Cephalometry is a standardized method of assessing dental and facial proportions and their interrelation [11]. In the technique, the patient is positioned within the cephalostat using adjustable ear rods placed within each auditory meatus. The mid sagittal plane of the patient is vertical and perpendicular to the X-ray beam, and the visual axis is horizontal so that the patient is positioned with the head held in the natural position [9]. Kundel states that image quality consists of three factors: image fidelity, image informativeness, and image attractiveness. All of these factors should be evaluated when the image of a given system is being assessed. Image fidelity refers to an accurate reproducibility of the structures [12]. In this case report, while the patients assumed an upper and lower arches position determined by the occlusal relation, its measurement was solely based on images of well-defined skeletal details, although the use of soft tissue references can also be used to define the face length [13, 14].

An accurate evaluation of the facial vertical dimension is essential to a successful prosthetic treatment, but the dentist cannot indiscriminately increase or decrease the OVD beyond the patient's physiologic requirements. A cephalometric analysis can represent a solid parameter from which the OVD can be established [3, 15]. OVD is unique for every individual and should not be changed [16] and the measurement of anatomic landmarks of the face can be controversial [3]. The simple Willis compass was developed to give proportional distances in the assessment of OVD [12]. However, because of face asymmetries, the use of only a few clinical anatomical landmarks can be questionable [17]. More recently, different methods of 2D and 3D studies of the soft tissues of the face are suggested [18].

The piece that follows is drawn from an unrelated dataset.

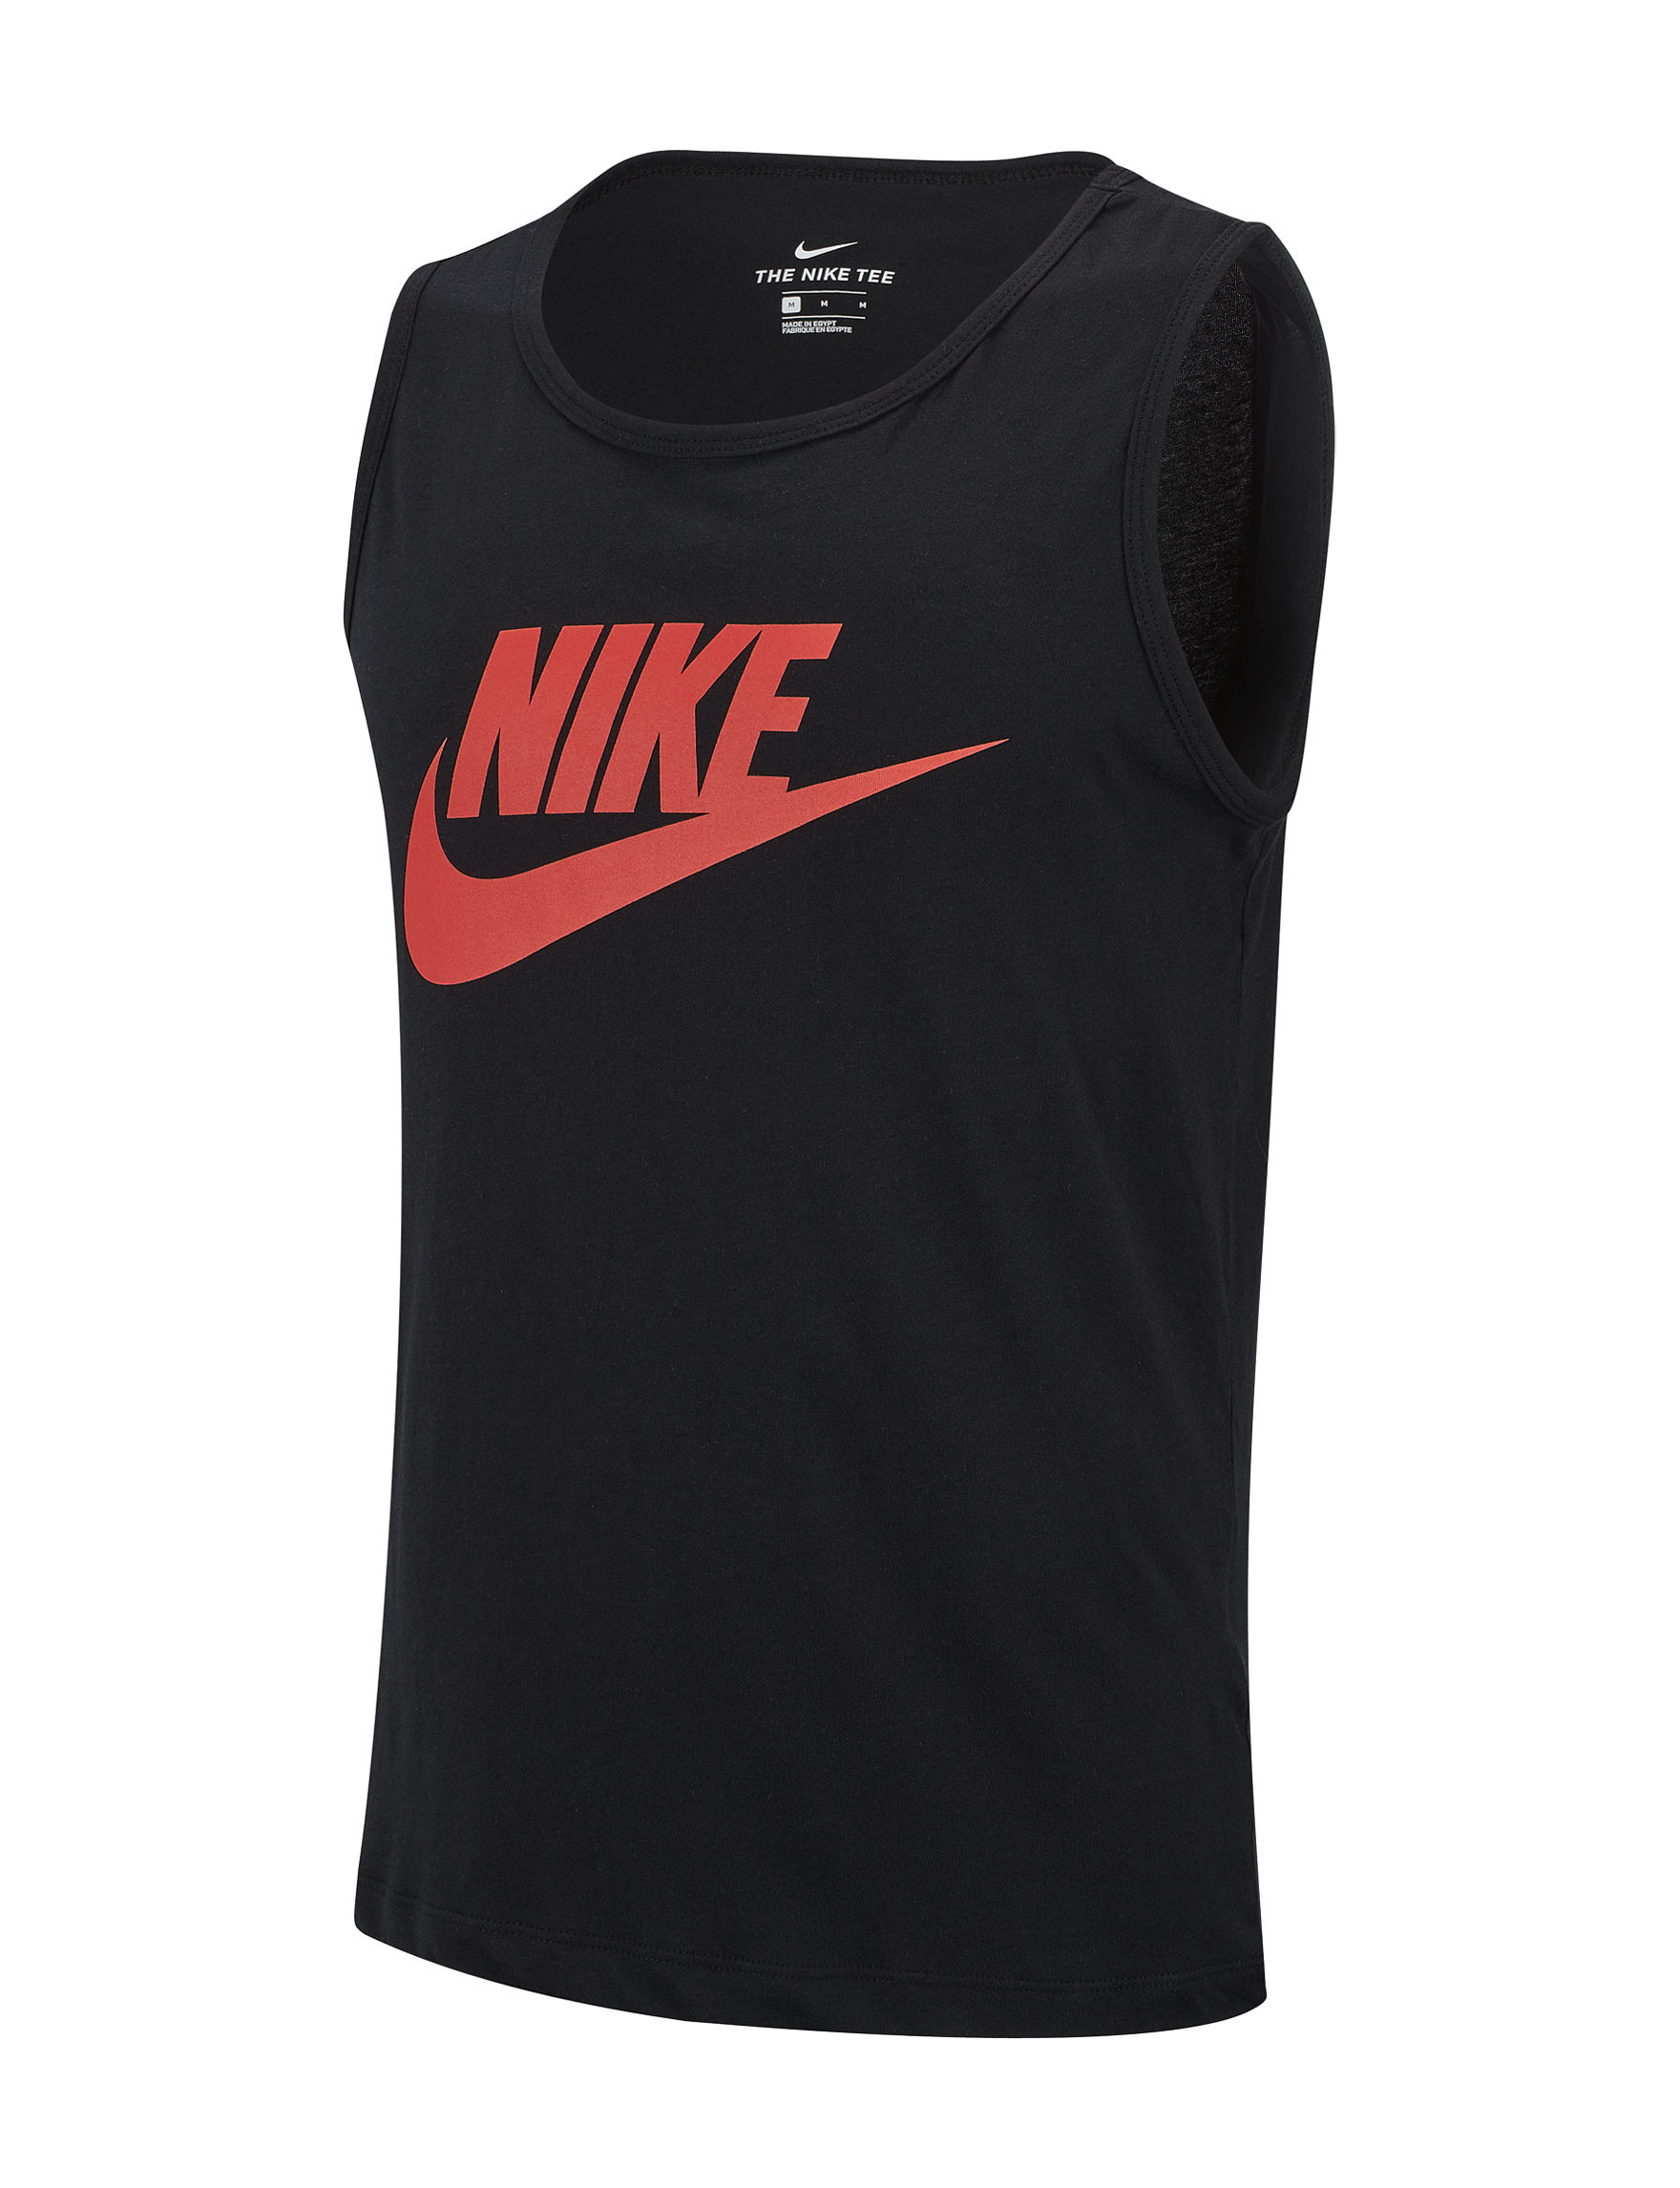 Nike Black / Red Tees & Tanks

Thus, considering the fact that the lower face height parameter from the Ricketts lateral cephalometric analysis is not obtained from any teeth planes or position, which can vary due to loss of elements or wearing of occlusal surfaces, it can be used as an individual pattern for each patient coadjutant in the establishment of OVD. This analysis can become a permanent part of each patient's record. It is unique for every patient and should not significantly vary throughout the lifetime [3].

4. Conclusion

A well-performed cephalometry can be an accurate and convenient tool to make the treatment planning and prognostic of the occlusal vertical dimension reestablishment more predictable.

Conflict of Interests

The authors have no financial interest in any of the companies mentioned in this paper.